Solved – Increase training performance of a neural network with low learning rate

efficiencymachine learningmodel-evaluationneural networkssums-of-squares

I am trying to train an Artificial Neural Network for classification. In the input layers, I have 402 neurons; the first 400 are binary, and the last two are floating points in the range -1 to 1. In the hidden layer I have 400 neurons, and in the output layer I have a single node which I want to represent values between -1 and 1.

I have tried to train this network using a vectorized implementation of back-propagation which I have found online (I have tried different implementations, and also implemented one myself). My problem is, that my network does not seem to learn a lot. If my learning rate is higher than around 0.0001, I get into trouble, and quickly goes into a local minimum, and with a lower learning rate the learning is (obviously) very very slow.

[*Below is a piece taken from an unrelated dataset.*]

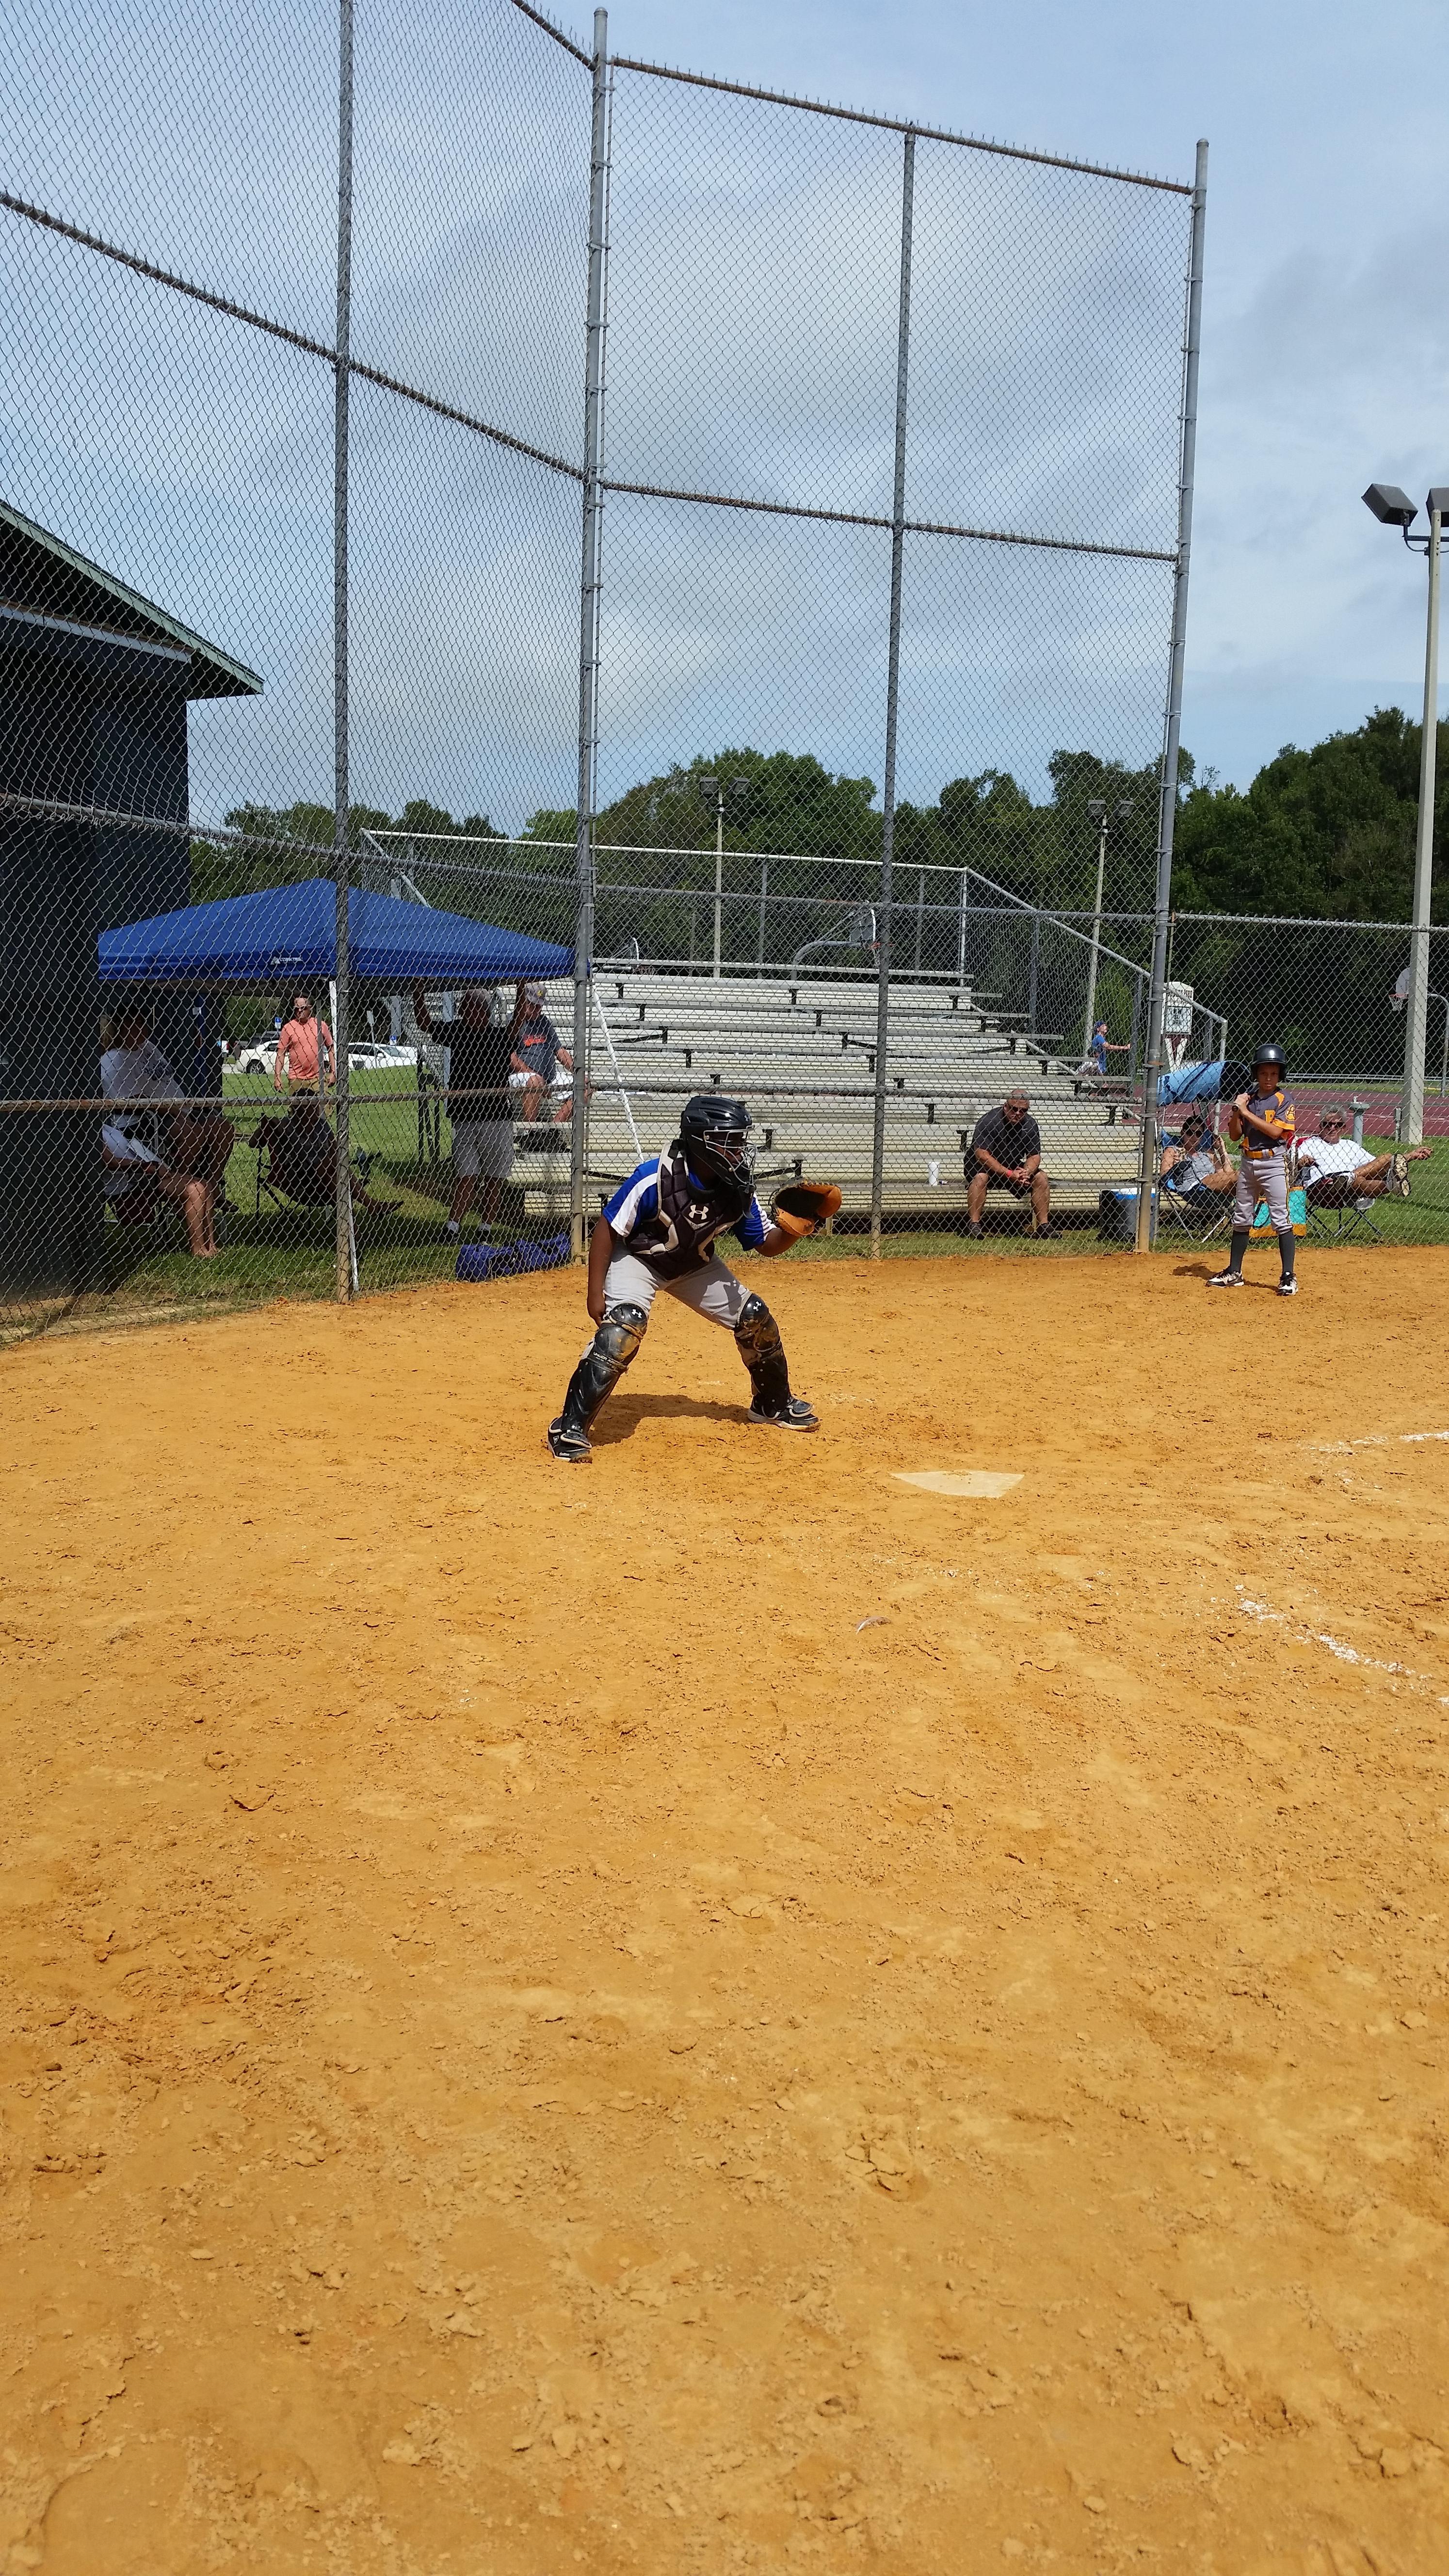 08-29-2015 Kylin Carter - Wrigley Baseball-Citra FL

I can train as much data as possible, so this is not a problem, but of course time is limiting, so I would like to be able to train this network in a decent time.

Do you have any intuition about what might be wrong, or how much data is needed to train this network of around 160.000 weights?

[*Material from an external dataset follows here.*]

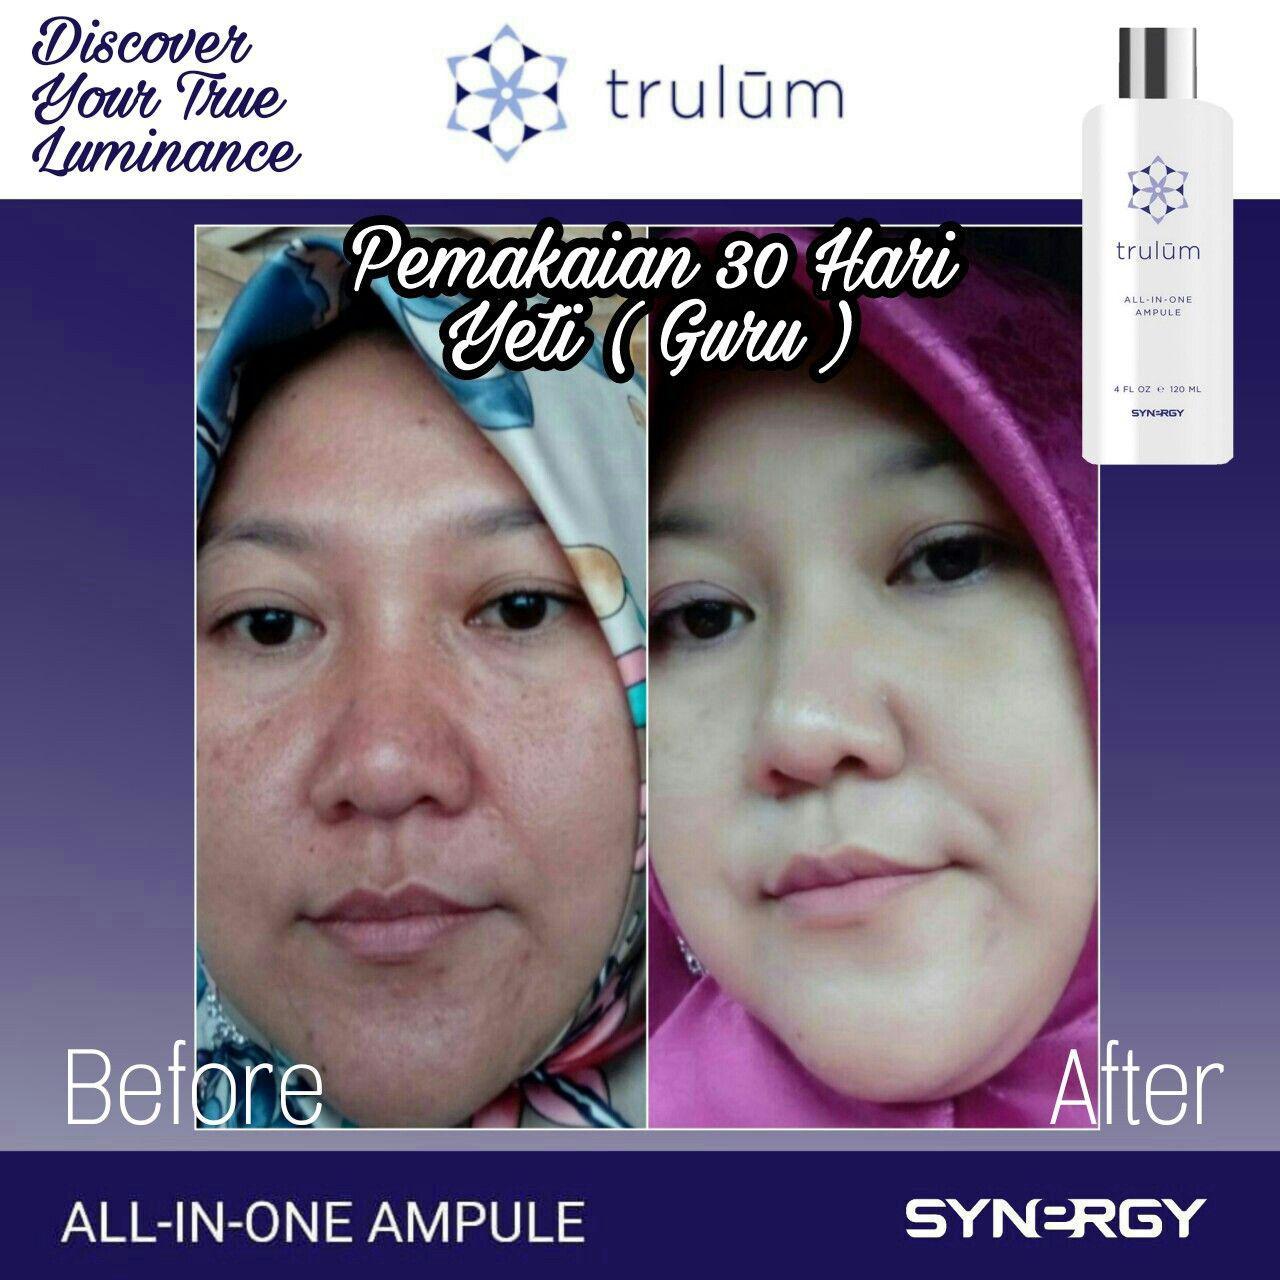 Klinik Kecantikan Trulum Dari Synergy Di Sigumpar, Toba Samosir WA: 08112338376

If it is relevant, I can upload some of the data.

Due to the comment by Martin, here is some learning statistics for different number of hidden neurons: Google Docs Spreadsheet

Another thing which I have observed, is that for my dataset, a constant output of 0.3 will result in a SSE of around 160, so I definitely want to get below this SSE.

Best Answer

If time is a limiting factor, you could try reducing the number of hidden units substantially. In my experience, it's very rare to need this many hidden units. I would start with a small number (less than ten) of hidden units, and see if this gives adequate performance.

If you're more worried about local minima, perhaps it's worth trying adding a stochastic component to your algorithm, based on simulated annealing or stochastic gradient descent. This may slow things down a bit, but will prevent local minima from being such a problem.